I won't pursue this further beyond noting that even this would imply a tenfold improvement in energy density for batteries. If all the other (in my opinion insuperable) problems were overcome, this would give a 777 a maximum range of 2000 miles at most. Even that supposes that the efficiency of an electric motor remains at 90% by the time you have driven a propellor with it. So no transatlantic aviation would be possible.

Charbax
10th May 2013, 07:39
Chip Yates says he wants to do a transatlantic flight next year with his electric airplane Long-ESA, swaping batteries 5 times over the atlantic ocean by docking to flying drones. How about that for extending range?

Can it somehow be made safe for a passenger airplane to dock with flying battery swap stations every 2 hours?

Maybe you'd have a hybrid so just in case the dock does not work (and there could perhaps be 2 or 3 backup drones nearby along the way), you can still switch over and have enough kerosene to reach any number of backup plans, getting to the next battery swaping drone area (perhaps if initial difficulty is a storm or something like that) or at worst having enough fuel to land even when doing a transatlantic flight.

How would the battery drones get up there? I dunno, maybe hot air balloons launched from boats along the way? Maybe the depleted battery can also get recharged by solar energy right up there in the air, not needing to be flown down and up from the boat each time.

HEATHROW DIRECTOR
10th May 2013, 09:33
<<Can it somehow be made safe for a passenger airplane to dock with flying battery swap stations every 2 hours?>>

Can you begin to imagine the problems this would cause? Airspace is clogged enough without having masses of "battery drones" hurtling around. It's just too ridiculous for words.

Tarq57
10th May 2013, 09:45
The ideas come across as having an edge of desperation.

On the off-chance you aren't actually a troll, have you even started to consider the energy consumption of drones that would need to be powerful enough to carry battery packs (heavy) at a similar speed to the cruising speed of the airliner?
That's got to cut into efficiency a little.

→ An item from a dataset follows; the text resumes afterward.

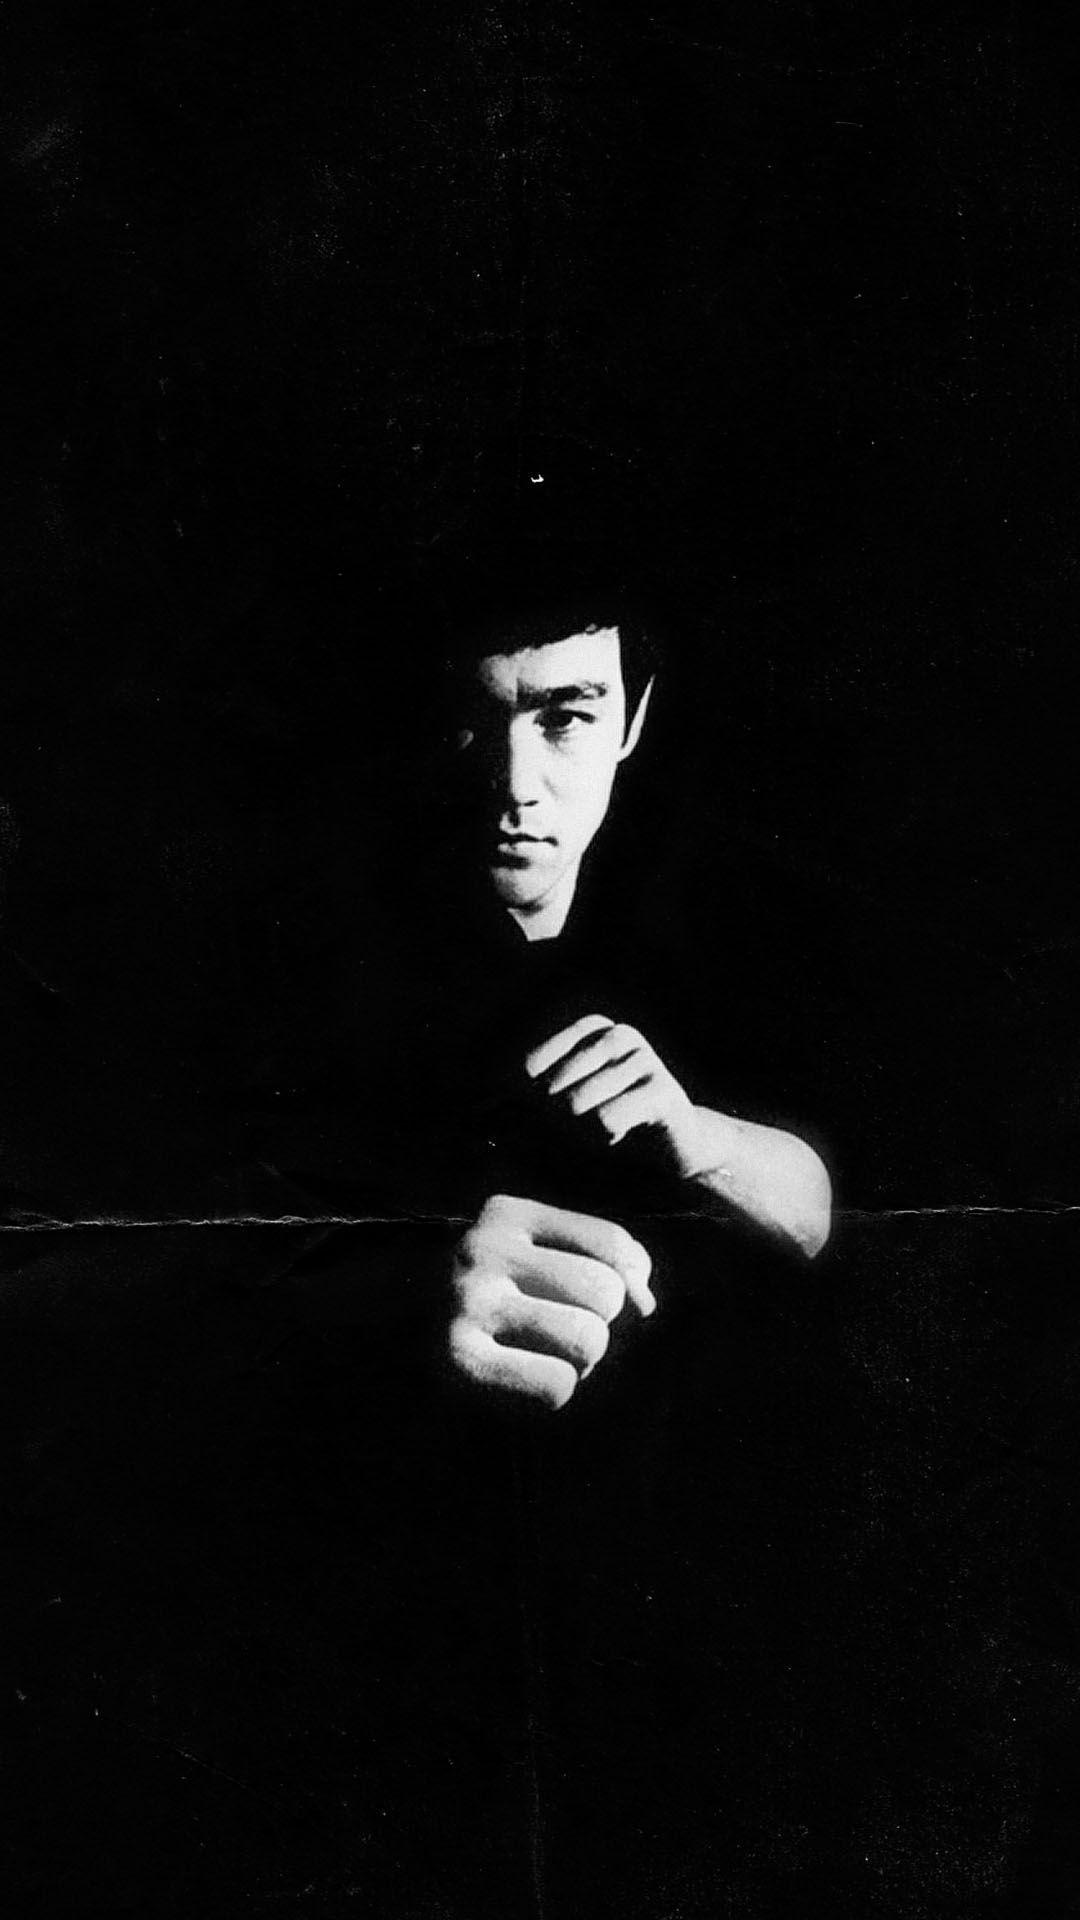 Bruce Lee Android Iphone Desktop Hd Backgrounds Wallpapers 1080p 4k Hdwallpapers Androidwa Bruce Lee Poster Bruce Lee Photos Bruce Lee Art

The idea of using compressed (even liquid) hydrogen as a fuel source has more merit. Not without difficulties, though. It's expensive to produce, and containment of same requires more dense materials than a typical container for kerosine. Nice, clean burning fuel source. But takes a lot of energy - along with the pollution that would entail - to make it.

Opsbeatch
10th May 2013, 11:05
Can't we just have lots of really long extension leads...can't see that being an issue... :}

OB

Charbax
10th May 2013, 11:53
I'm imagining very big hot air balloons can maybe lift up the batteries, the batteries would actually be on an unmanned drone that can fly fast to follow the passenger airplane to dock to it, when the battery is swapped, that drone would fly back with the depleted battery to attach itself to that balloon again. The very big baloo system would also carry solar panels to charge the battery again and to keep the balloon battery drone system up indefinetely (creating more hot air as needed and doing all the automatic controls and getting commands for when to unleash the battery pack unmanned airplane from ground).

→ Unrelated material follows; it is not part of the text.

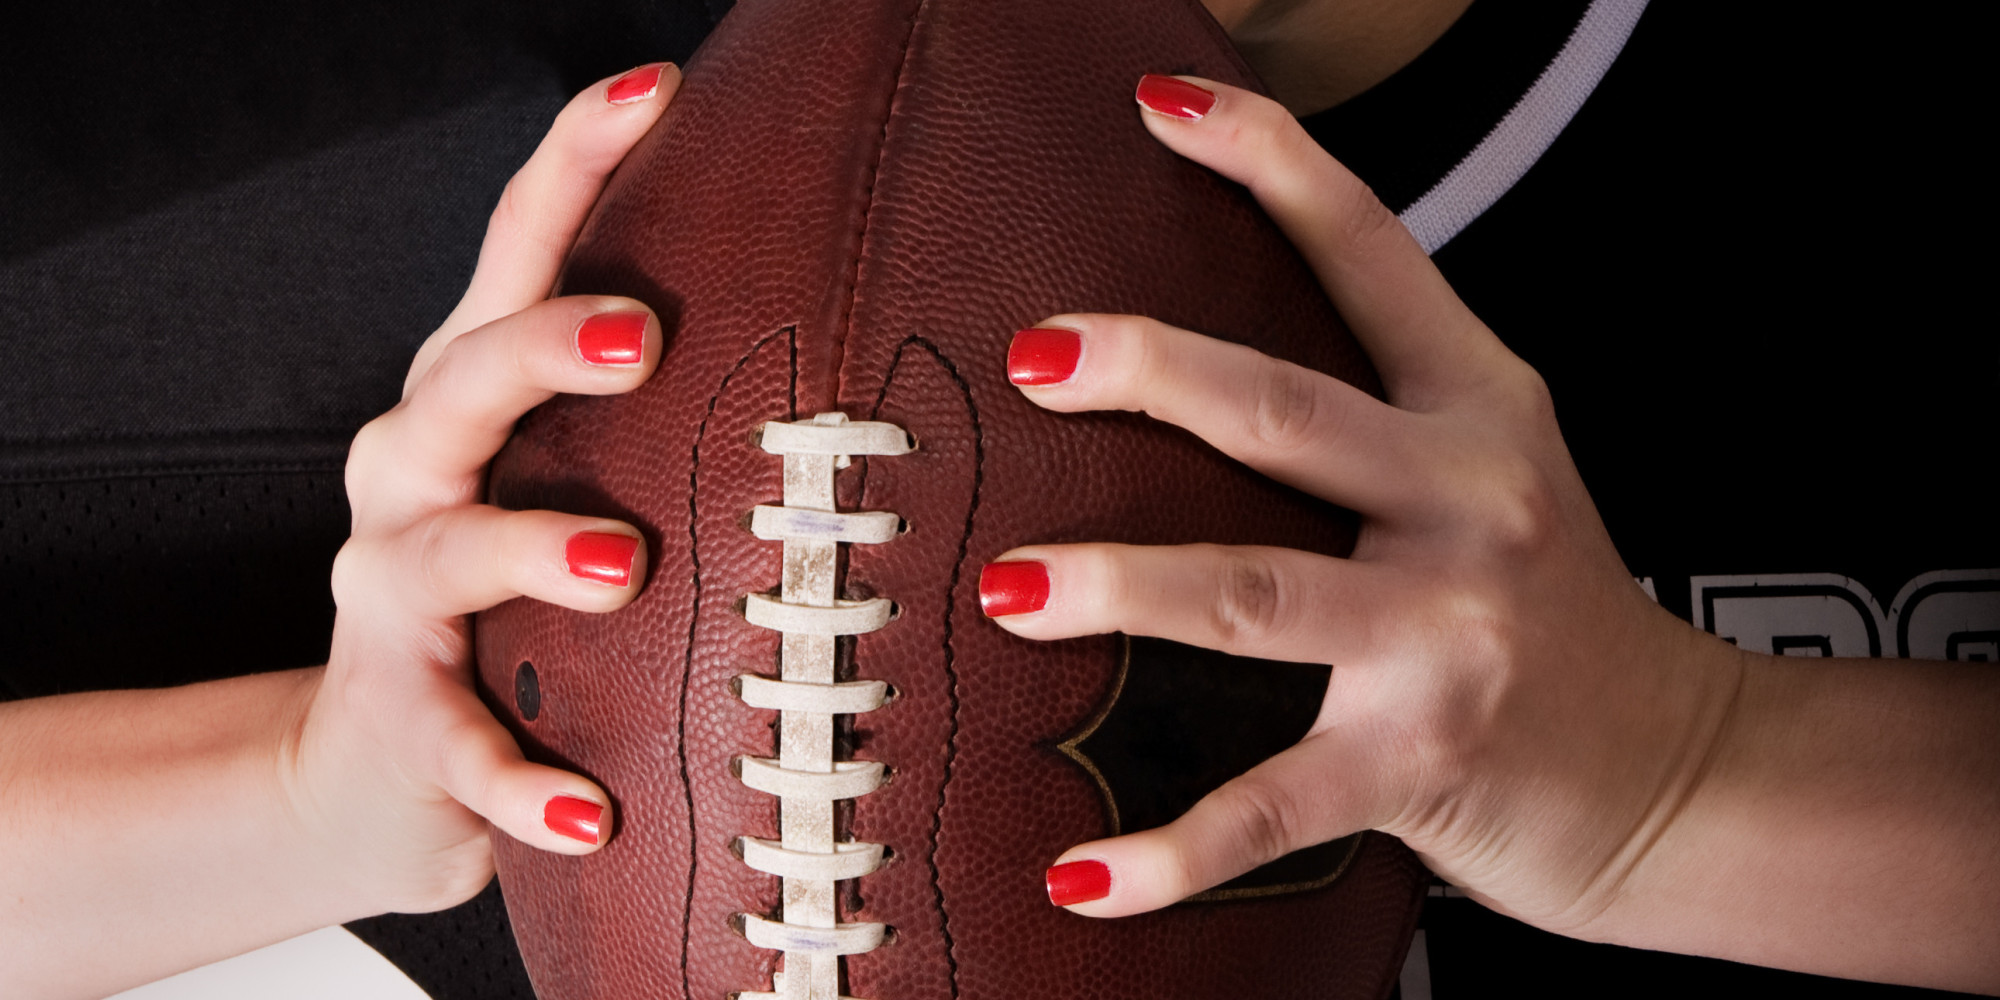 Women against fantasy sports

My guess is the battery pack and docking drone systems with solar panels would be so heavy it requires maybe a too large a balloon to keep in the air indefinitely and docking with an unmanned drone is maybe not that easy. May not be very practical for the passenger airplane to slow down every 2 hours to do maneuvers to dock with the drone to swap the battery.

Before I read the story earlier today on about Chip Yates Long-ESA transatlantic electric flight planned for 2014, I never considered that docked battery swapping for electric airplanes was a possibility.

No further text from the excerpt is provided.